++++ SUPPLIED RECORDS
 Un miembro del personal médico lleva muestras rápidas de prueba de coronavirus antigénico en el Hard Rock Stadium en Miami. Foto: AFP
++++++++
++++ SUPPLIED RECORDS
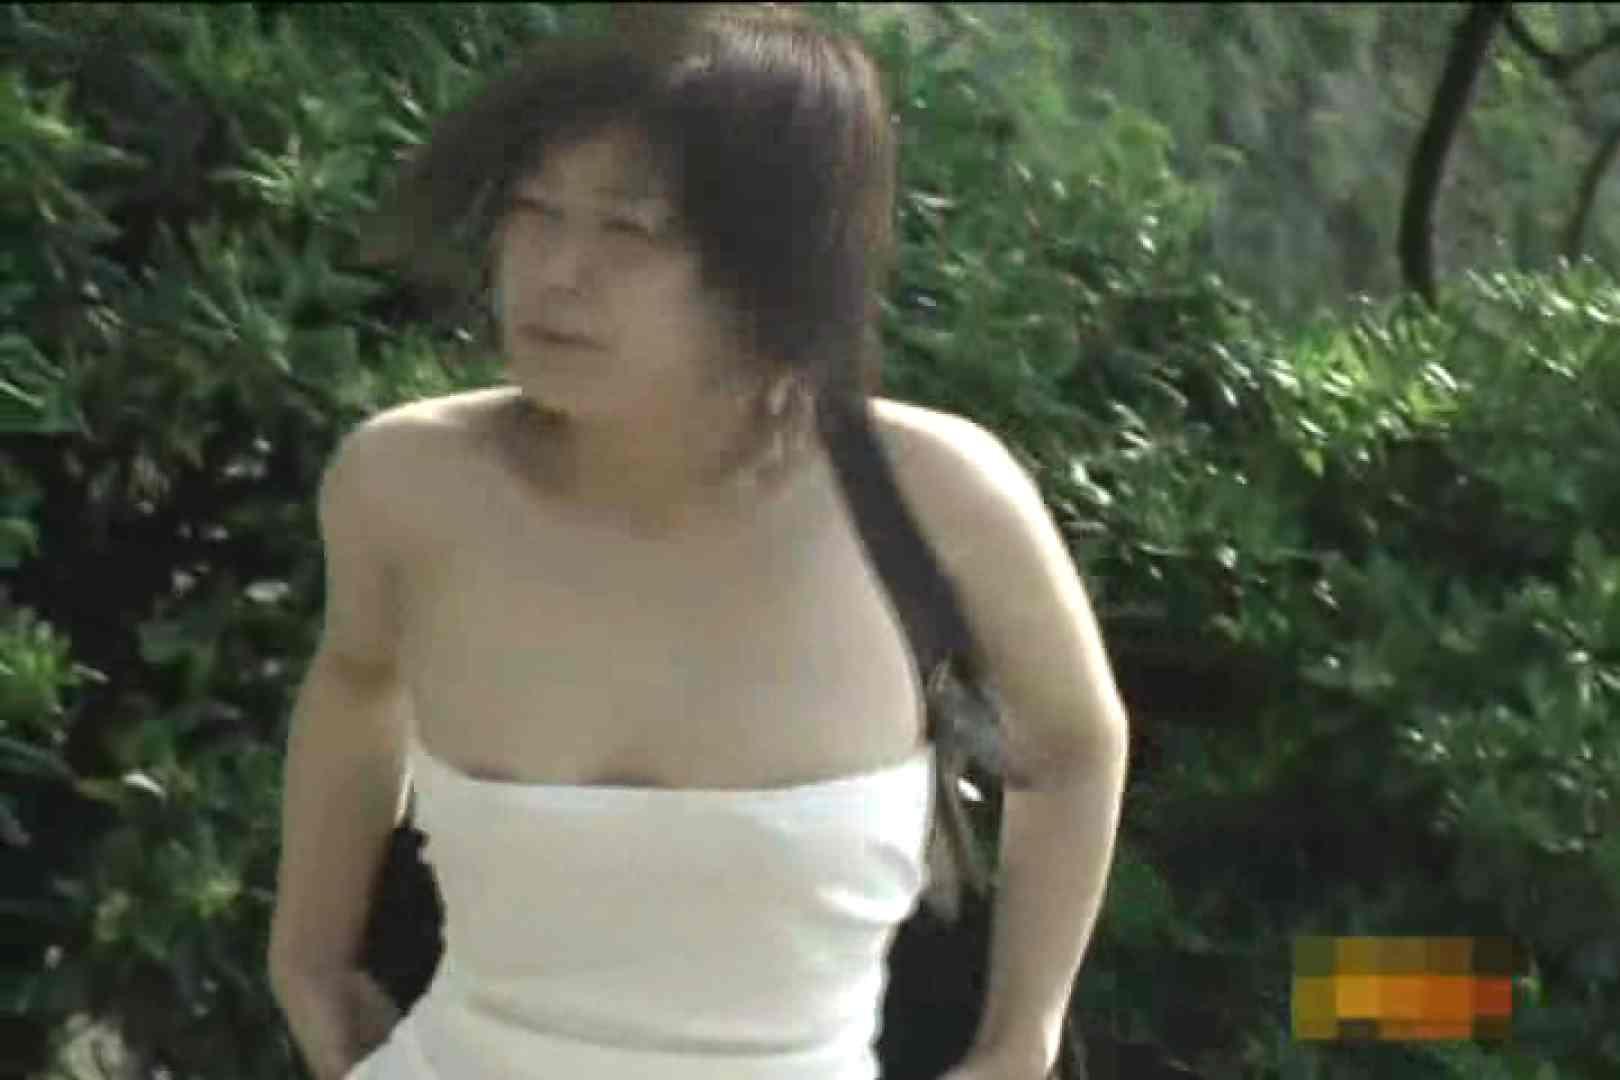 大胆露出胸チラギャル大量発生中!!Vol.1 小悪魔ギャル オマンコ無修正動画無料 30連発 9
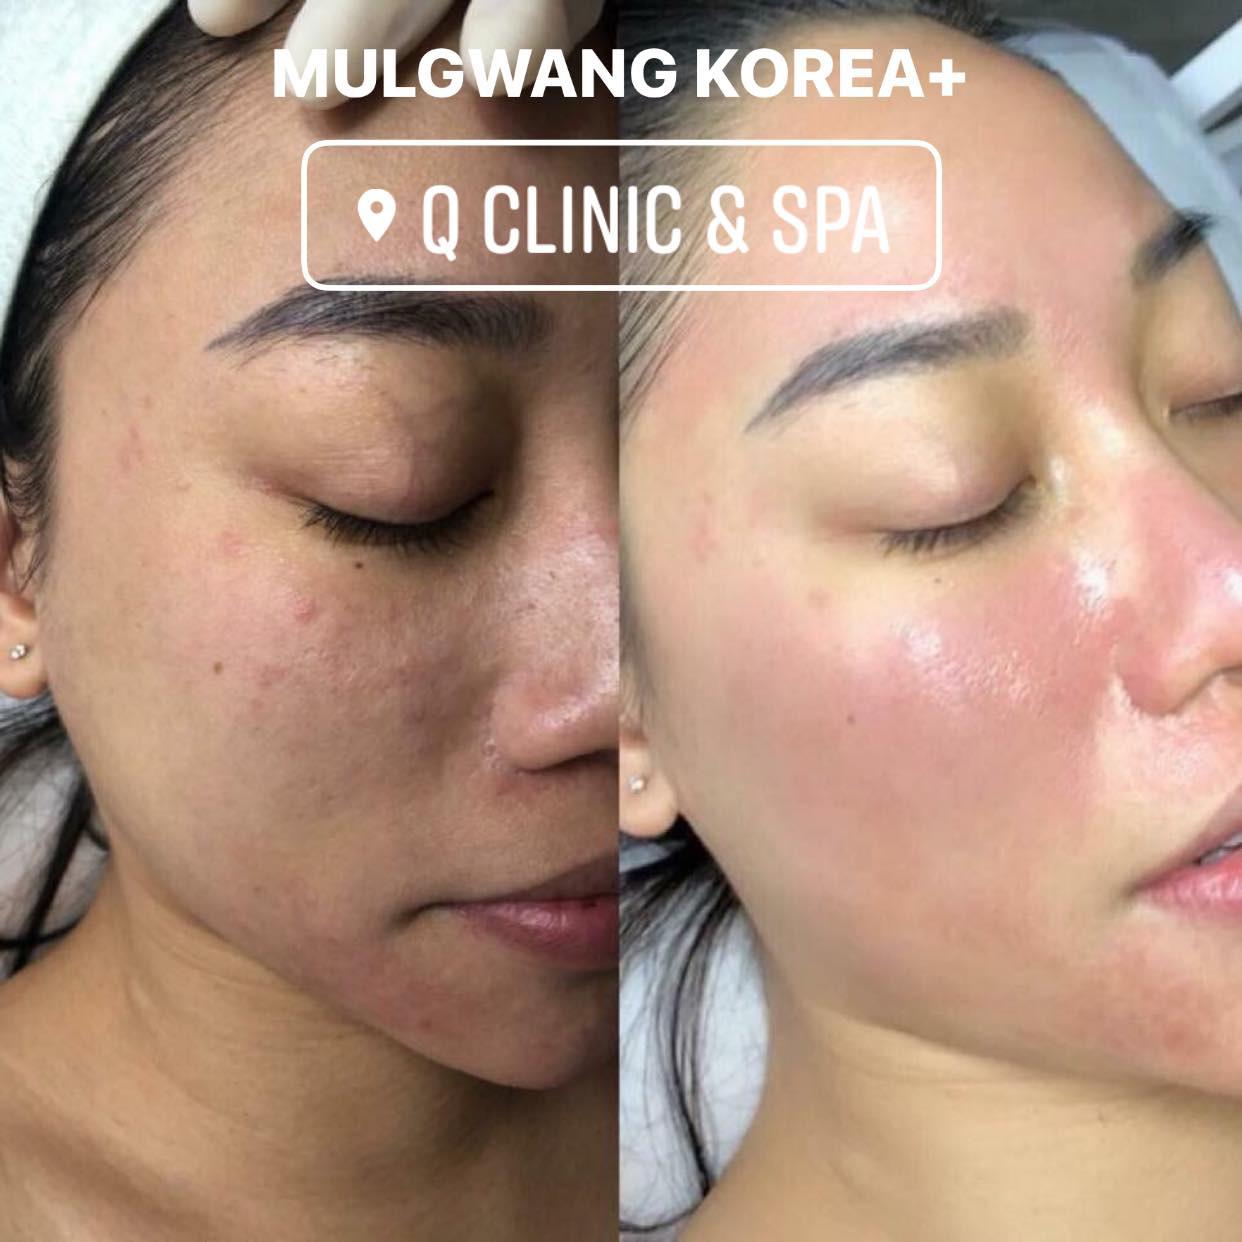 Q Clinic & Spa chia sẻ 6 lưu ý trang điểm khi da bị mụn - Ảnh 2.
++++++++
++++ SUPPLIED RECORDS
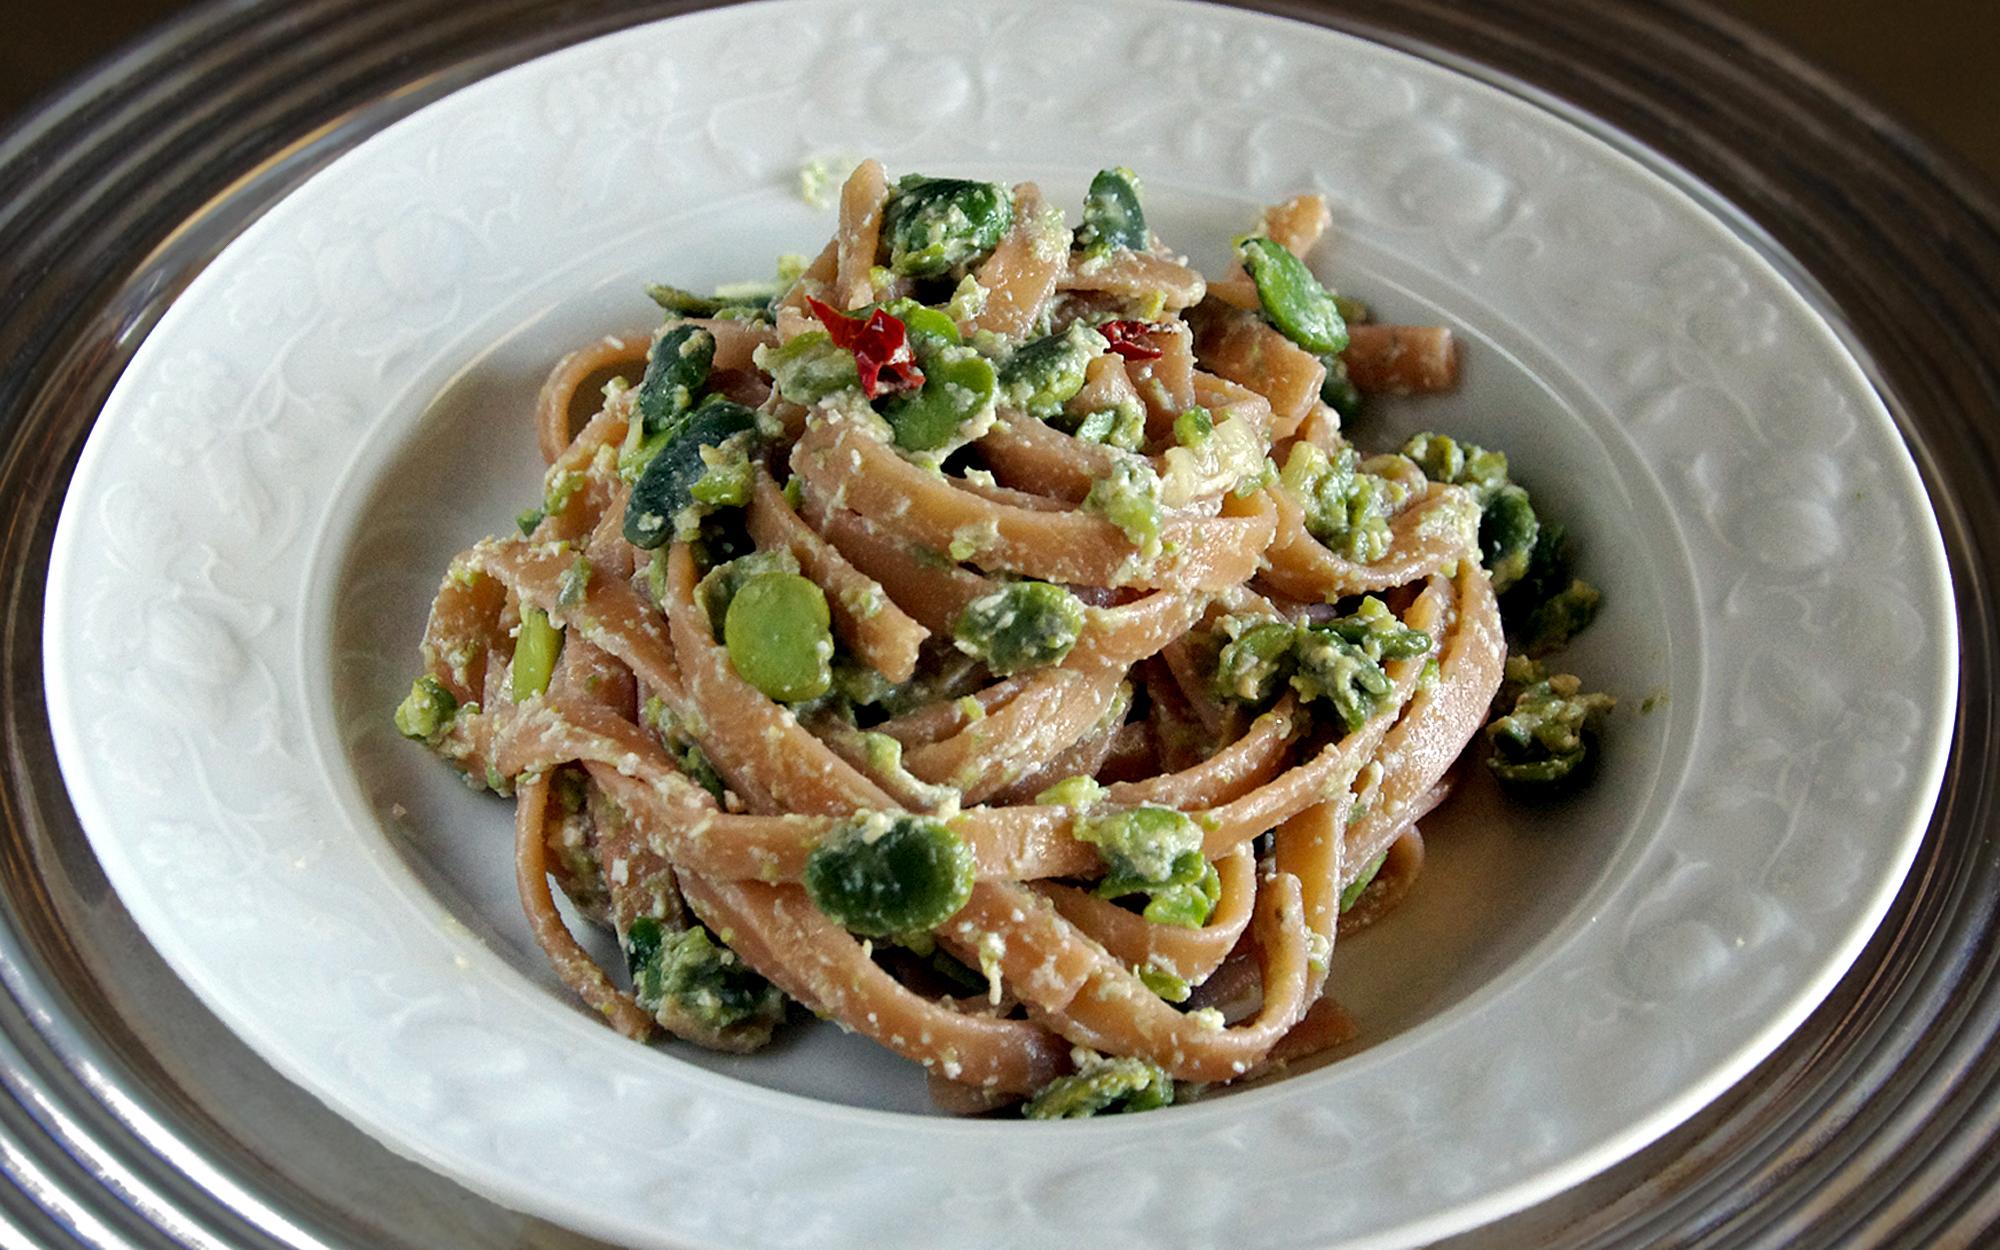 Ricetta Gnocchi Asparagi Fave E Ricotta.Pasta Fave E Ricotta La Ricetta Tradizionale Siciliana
++++++++
*TASK PROMPT*
What you return must match the lines above from the one with "大胆露出胸チラギャル大量発生中!!Vol.1 小悪魔ギャル オマンコ無修正動画無料" through the one with "Q Clinic & Spa" exactly, with both ends included and the pictures excluded.

*SOLUTION FOR THIS TASK*
 大胆露出胸チラギャル大量発生中!!Vol.1 小悪魔ギャル オマンコ無修正動画無料 30連発 9
 Q Clinic & Spa chia sẻ 6 lưu ý trang điểm khi da bị mụn - Ảnh 2.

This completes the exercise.